Conclusion: These data demonstrate the low toxicity of poly(benzyl malate) derived copolymers towards hepatocyte- like cells and emphasize their potential use for the design of liver targeting nanovectors.

Polymer-Drug Nanoconjugate - An Innovative Nanomedicine: Challenges and Recent Advancements in Rational Formulation Design for Effective Delivery of Poorly Soluble Drugs by Amos O. Abioye, George Tangyie Chi, Adeola T. Kola-Mustapha, Ketan Ruparelia, Ken Beresford, Randolph Arroo (38-79).
Background: Over the last four decades, the use of water soluble polymers in rational formulation design has rapidly evolved into valuable drug delivery strategies to enhance the safety and therapeutic effectiveness of poorly soluble drugs, particularly anticancer drugs. Novel advances in polymer chemistry have provided new generations of well defined polymeric architectures for specific applications in polymer-drug conjugate design.
However, total control of crucial parameters such as particle size, molecular weight distribution, polydispersity, localization of charges, hydrophilic-lipophilic balance and non site-specific coupling reactions during conjugation has been a serious challenge.
Objective: This review briefly describes the current advances in polymer-drug nanoconjugate design and various challenges hindering their transformation into clinically useful medicines.
Method: Existing literature was reviewed.

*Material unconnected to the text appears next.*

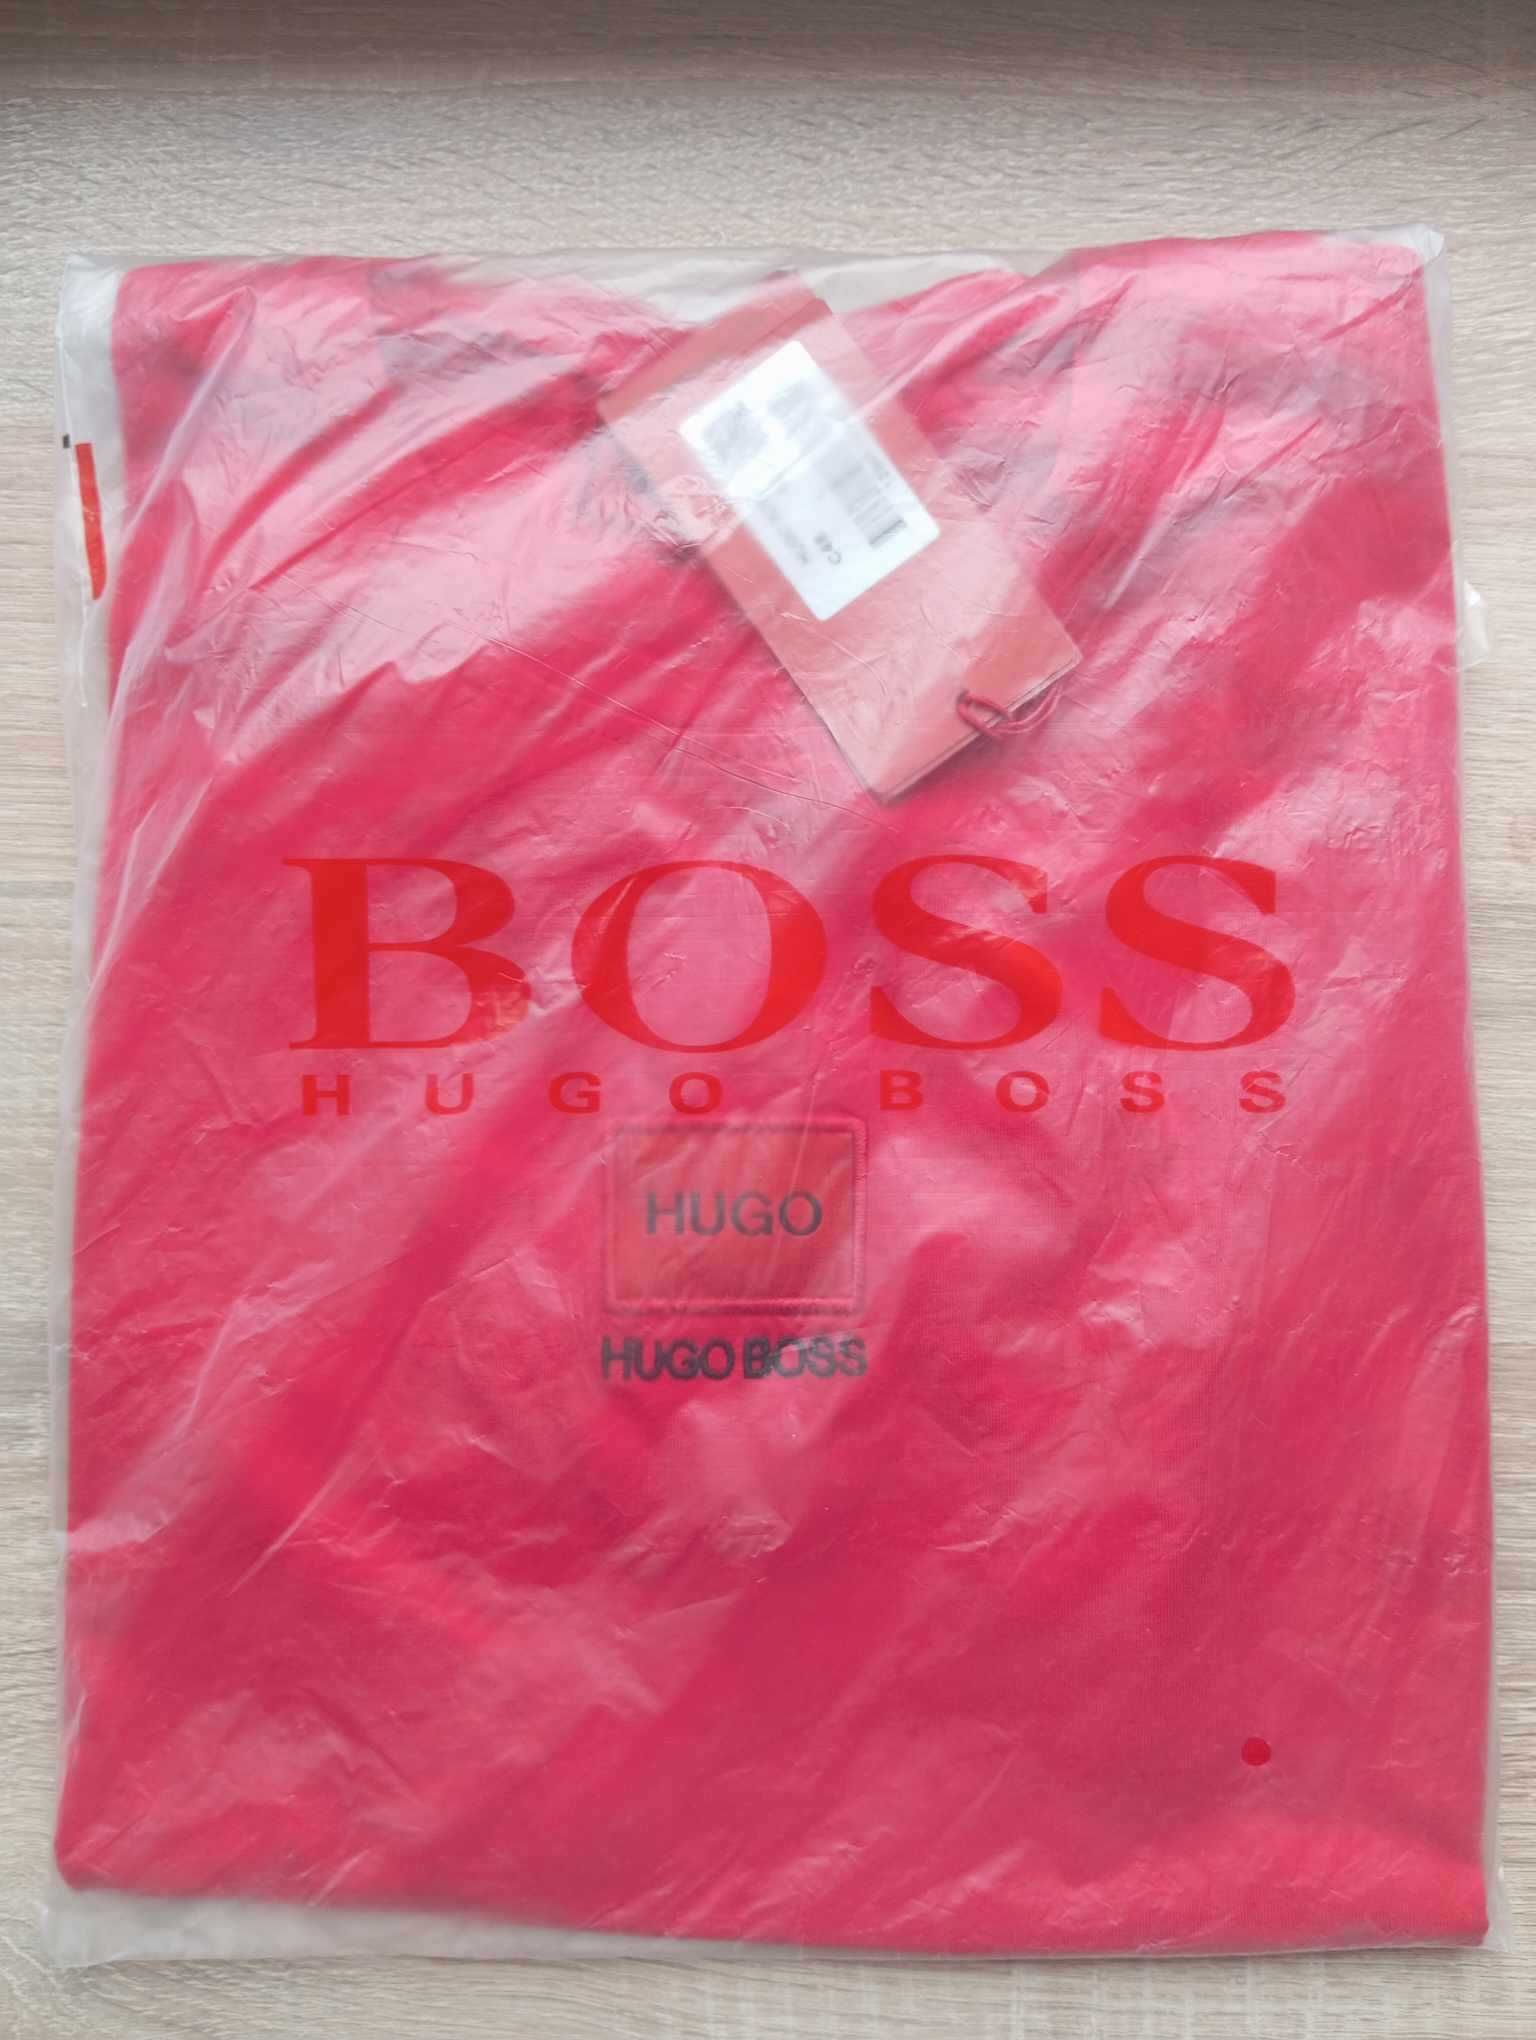 Koszulka Hugo Boss, t-shirt classic czerwony L, nowość!

Results: This review provides insights into the significant impact of covalent and non-covalent interactions between drug and polymer on drug loading [or conjugation] efficiency, conjugate stability, mechanism of drug release from the conjugate and biopharmaceutical properties of poorly soluble drugs. The utility values and application of Quality by Design principles in rational design, optimization and control of the Critical Quality Attributes [CQA] and Critical Process Parameters [CPP] that underpin the safety, quality and efficacy of the nanoconjugates are also presented.
Conclusion: It was apparent that better understanding of the physicochemical properties of the nanoconjugates as well as the drug-polymer interaction during conjugation process is essential to be able to control the biodistribution, pharmacokinetics, therapeutic activity and toxicity of the nanoconjugates which will in turn enhance the prospect of successful transformation of these promising nanoconjugates into clinically useful nanomedicines.